Negli anni Sessanta e soprattutto nel periodo successivo, la viticoltura era ridotta al lumicino e i terrazzamenti abbandonati. Ancora oggi è possibile vederne traccia – solchi orizzontali ormai ricoperti di macchia – sui pendii delle colline. L’uva non dava più reddito, i giovani – ma non solo loro – emigravano verso la terraferma stanchi di sopportare i lunghi inverni, l’acqua e l’elettricità che a volte manca, i traghetti costosi e poco frequenti, specialmente nei periodi meno turistici. Insomma tutte le difficoltà delle isole.
La rinascita
All’inizio fu Nunzio Danei, discendente ad un’antica famiglia originaria dell’isola del Giglio, da sempre dedita alla viticoltura che nel 1987 imbottigliò nella sua cantina ad Orbetello il primo vino da uve dell’isola, successivamente classificato come Doc Ansonica Costa dell’Argentario. Sulla scia del convegno internazionale, poi fu la volta di Francesco Carfagna con l’azienda Altura che nel 1999 aveva acquistato terra e vigneti, restaurati minuziosamente: ben 12 km di muretti a secco – le greppe- rimessi a posto e bonificati dai rovi. Nel 2003 il primo imbottigliamento e poi una meritata fama, premiata qualche anno dopo anche con i Tre Bicchieri.
La gamma dei suoi vini abbraccia l’Igt Maremma Toscana Ansonica del Giglio, di grande personalità, il Rosso Saverio e un passito ottenuto da vari vitigni autoctoni che sono stati reimpiantati in parte a piede franco e in parte con innesto sul campo quali malvasie, moscati e “uve tonde” bianche e rosse. E poi ancora nel 2006 nasce la Cooperativa Greppe del Giglio che produce la Doc Ansonaca Costa dell’Argentario, il vino Ansonico del Giglio oltre all’Ansonaco scelto, cioè da uve stramature oltre ad una piccola percentuale di rosso sotto l’egida dell’Igt Maremma Toscana Sangiovese. Ed infine l’azienda Fontuccia, dei fratelli Giovanni e Simone Rossi. Anche Bibi Graetz, non proprio amatissimo dai gigliesi, ha dato un suo contributo alla conoscenza del’ansonaco, imbottigliando tre vini il Cicala del Giglio, il Gigliese e il Bugia.
Tutto risolto ? Niente affatto. È vero che l’abbandono dei vigneti si è in parte fermato ma le difficoltà continuano ad essere preponderanti.
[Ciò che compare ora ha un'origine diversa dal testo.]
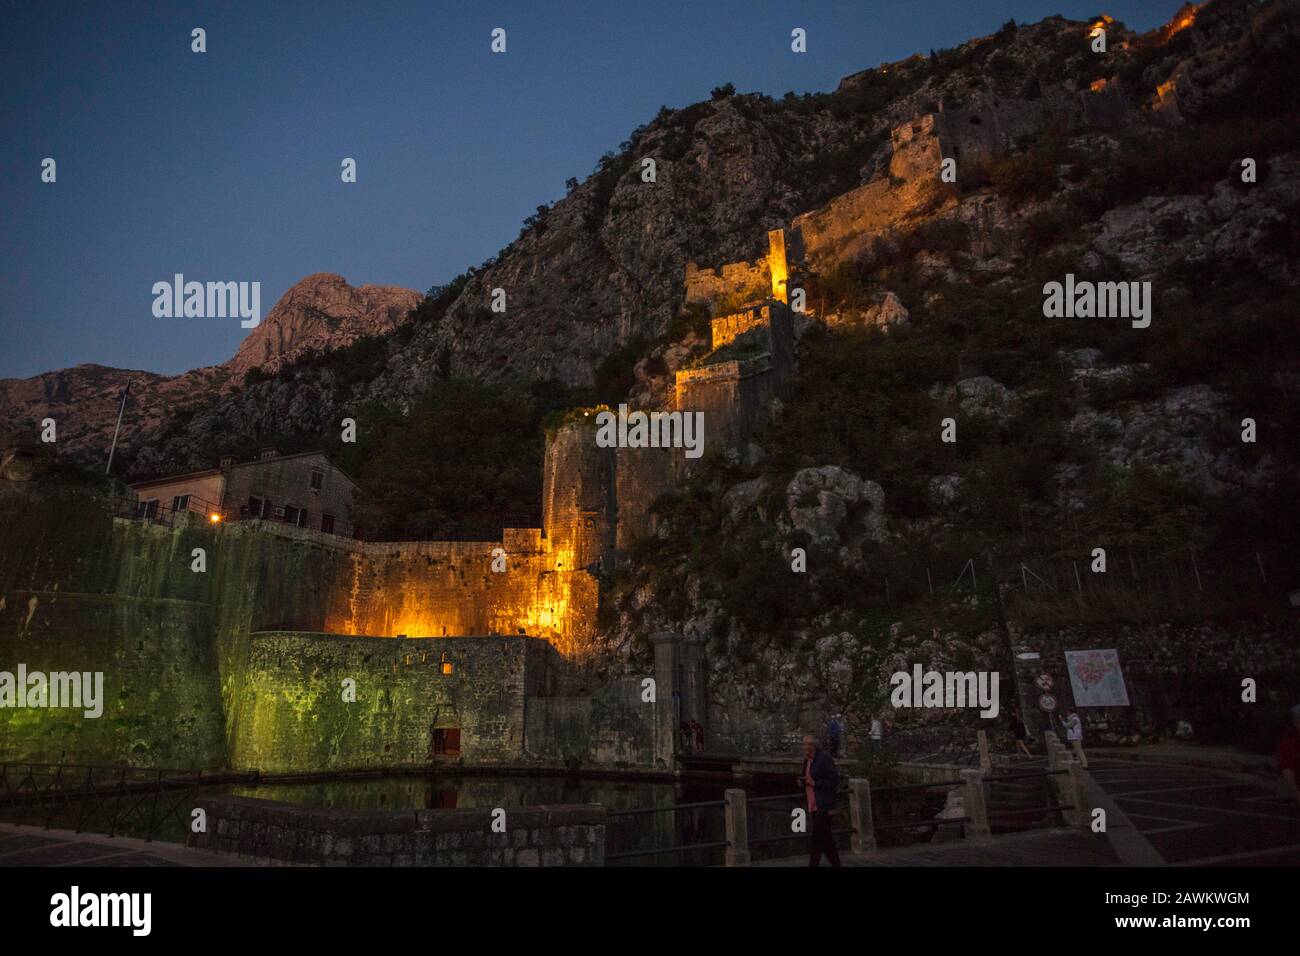 Vue nocturne sur les murs de la ville de Kotor, l'église catholique Notre-Dame de Remedy et la forteresse St-Jean. Vieille ville de Kotor. Monténégro Banque D'Images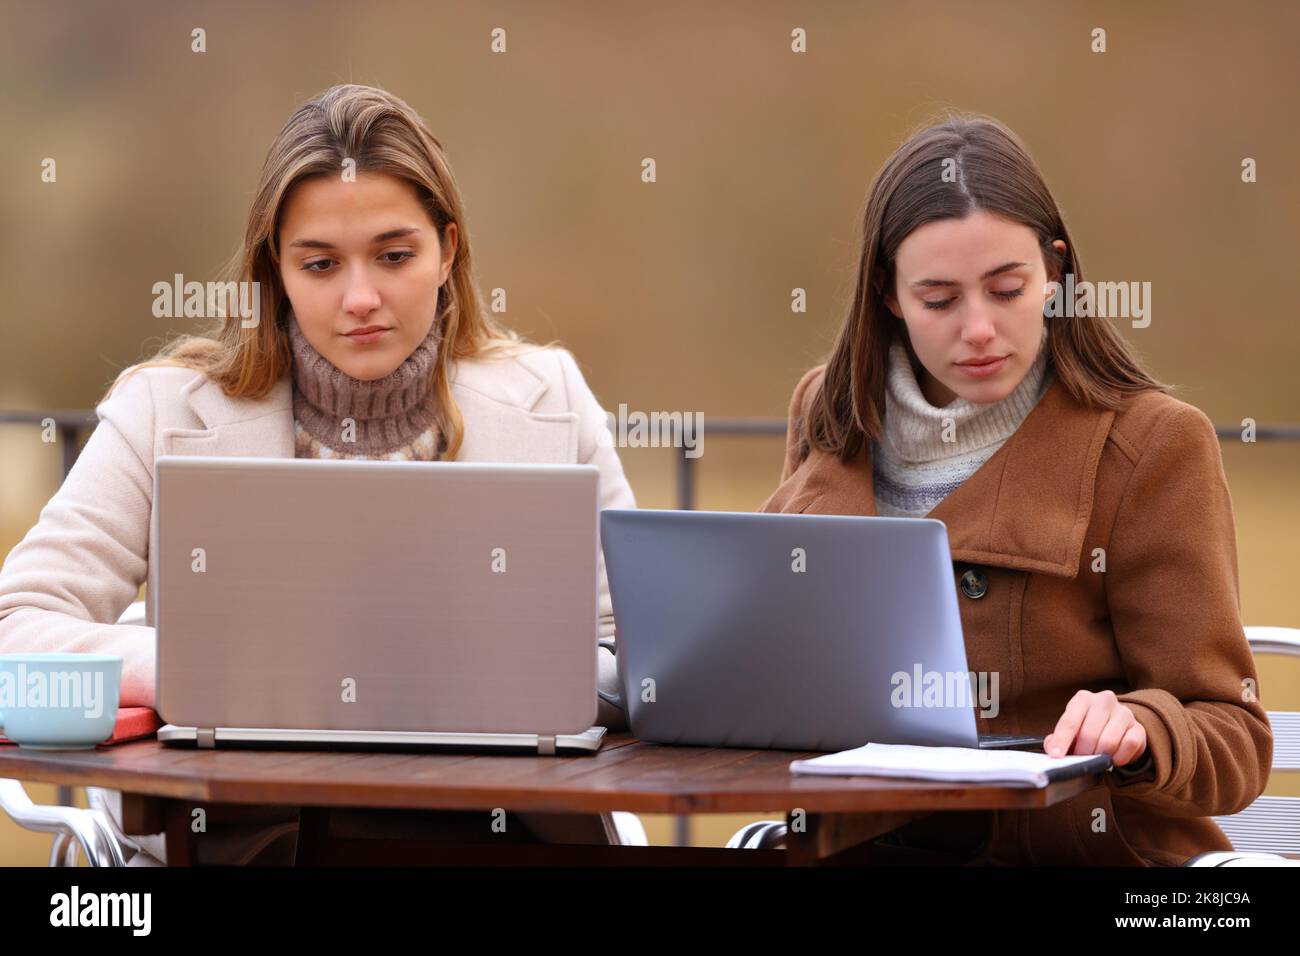 Vorderansicht von zwei Studenten, die im Winter mit Laptops studieren Stockfoto

I regolamenti dei parchi spesso sembrano studiati apposta per favorire l’abbandono della terra e dei vigneti. Il semplice atto di ripulire un terrazzamento dai rovi e da qualche pianta, è un’operazione resa difficile, complicata e i controlli sono sempre in agguato. I mufloni – in assenza di animali antagonisti – si riproducono a dismisura e distruggono le viti, i germogli, i grappoli in vendemmia. Però sono animali protetti, di fatto intoccabili, così come gli altri che scorazzano per le campagne, cibandosi di tutto quello che trovano.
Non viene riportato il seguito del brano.